City On Fire, as well as being an examination of the New York punk scene in the 70s, is a coming-of-age tale, a family drama and a detective story. With its main action unspooling between 1976 and 77, the book shuttles back and forth through time, filling in the narrative from 1960 to the early years of the millennium.
Along with Mercer Goodman, we spend most of our time with the super-rich Hamilton-Sweeney clan, beginning with its absconding heir and Goodman's troubled boyfriend, William Hamilton-Sweeney III (the numeral forms the basis of his punk-singer alias: Billy Three-Sticks).
Samantha Cicciaro and Charlie Weisbarger are two lonely Long Island teenagers whose interest in the punk scene leads to their involvement with the Post-Humanist Phalanx: an anarchist group which dabbles in everything from arson to mass destruction. And there's Richard Groskoph, a journalist whose article about the city's Fourth of July fireworks turns into an investigation of the shooting that brings all the book's characters together.
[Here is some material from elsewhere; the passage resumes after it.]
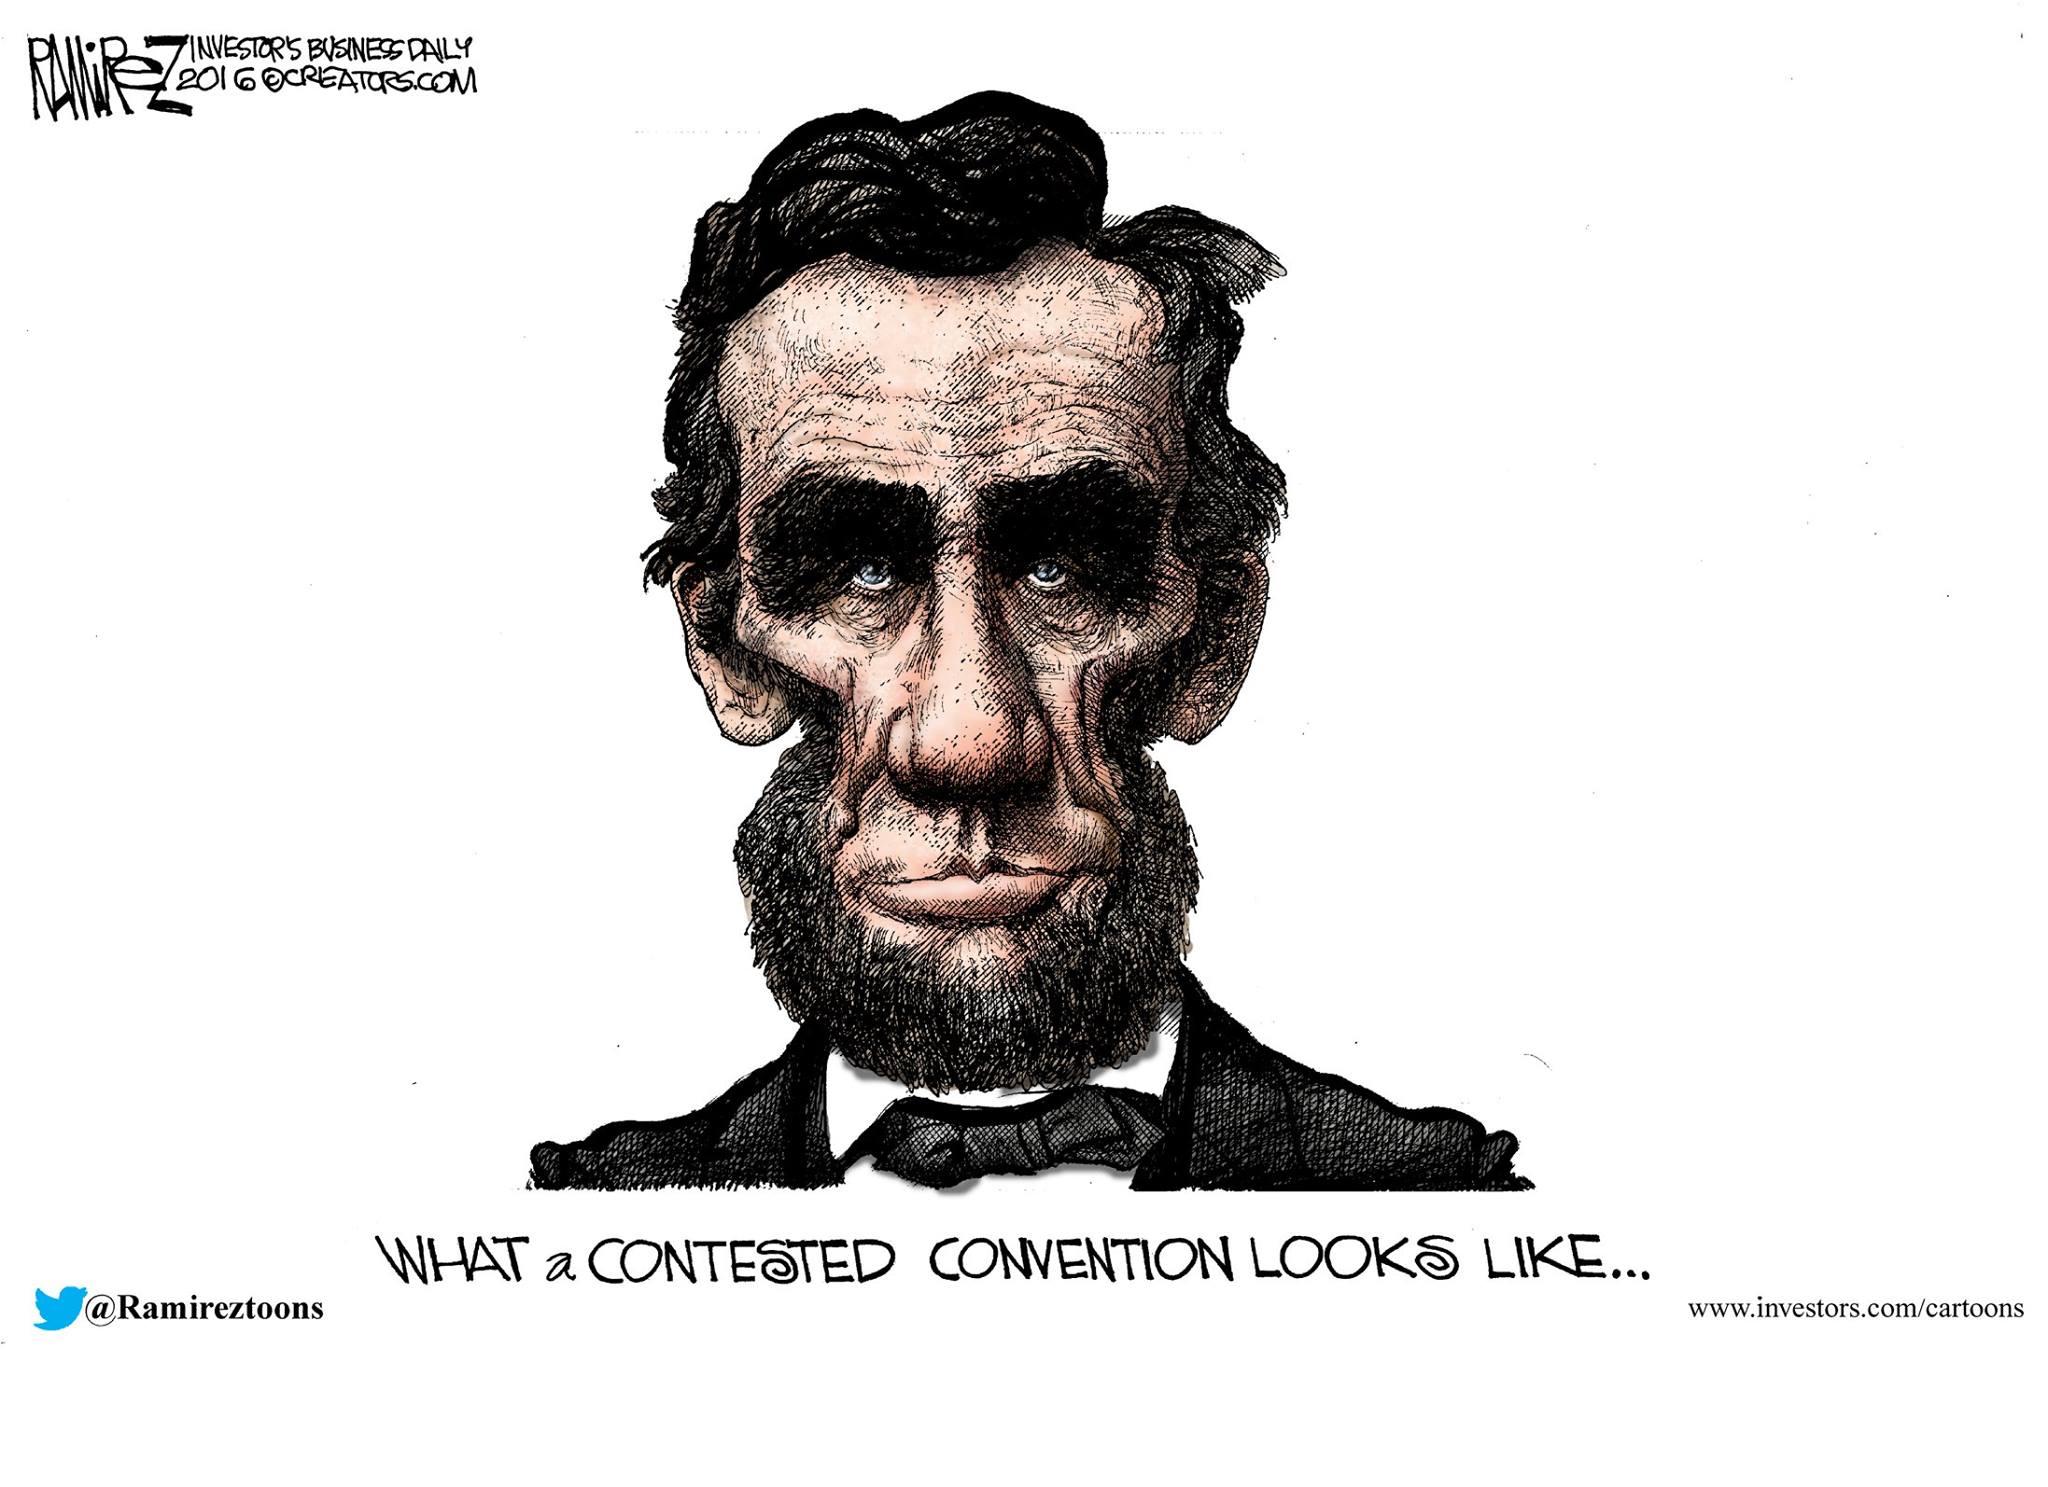 Cruz contested election Lincoln

This roll call barely scratches the surface. There are at least 20 characters whose minds we get to know in a close third-person narration, and it is quite astounding that so many of them are pungently realised from the outside and inside. On Sol, a burly punk, "you could actually see a calculation lope across his face, where on most people's it would have flitted". After a gig, Charlie Weisbarger "felt himself contracting painfully back to the size of his regular body". Sam Cicciaro, before being dumped by an older man, shows how vulnerable and human she is when she thinks: "How serious could it be, if he'd stopped to buy nuts?"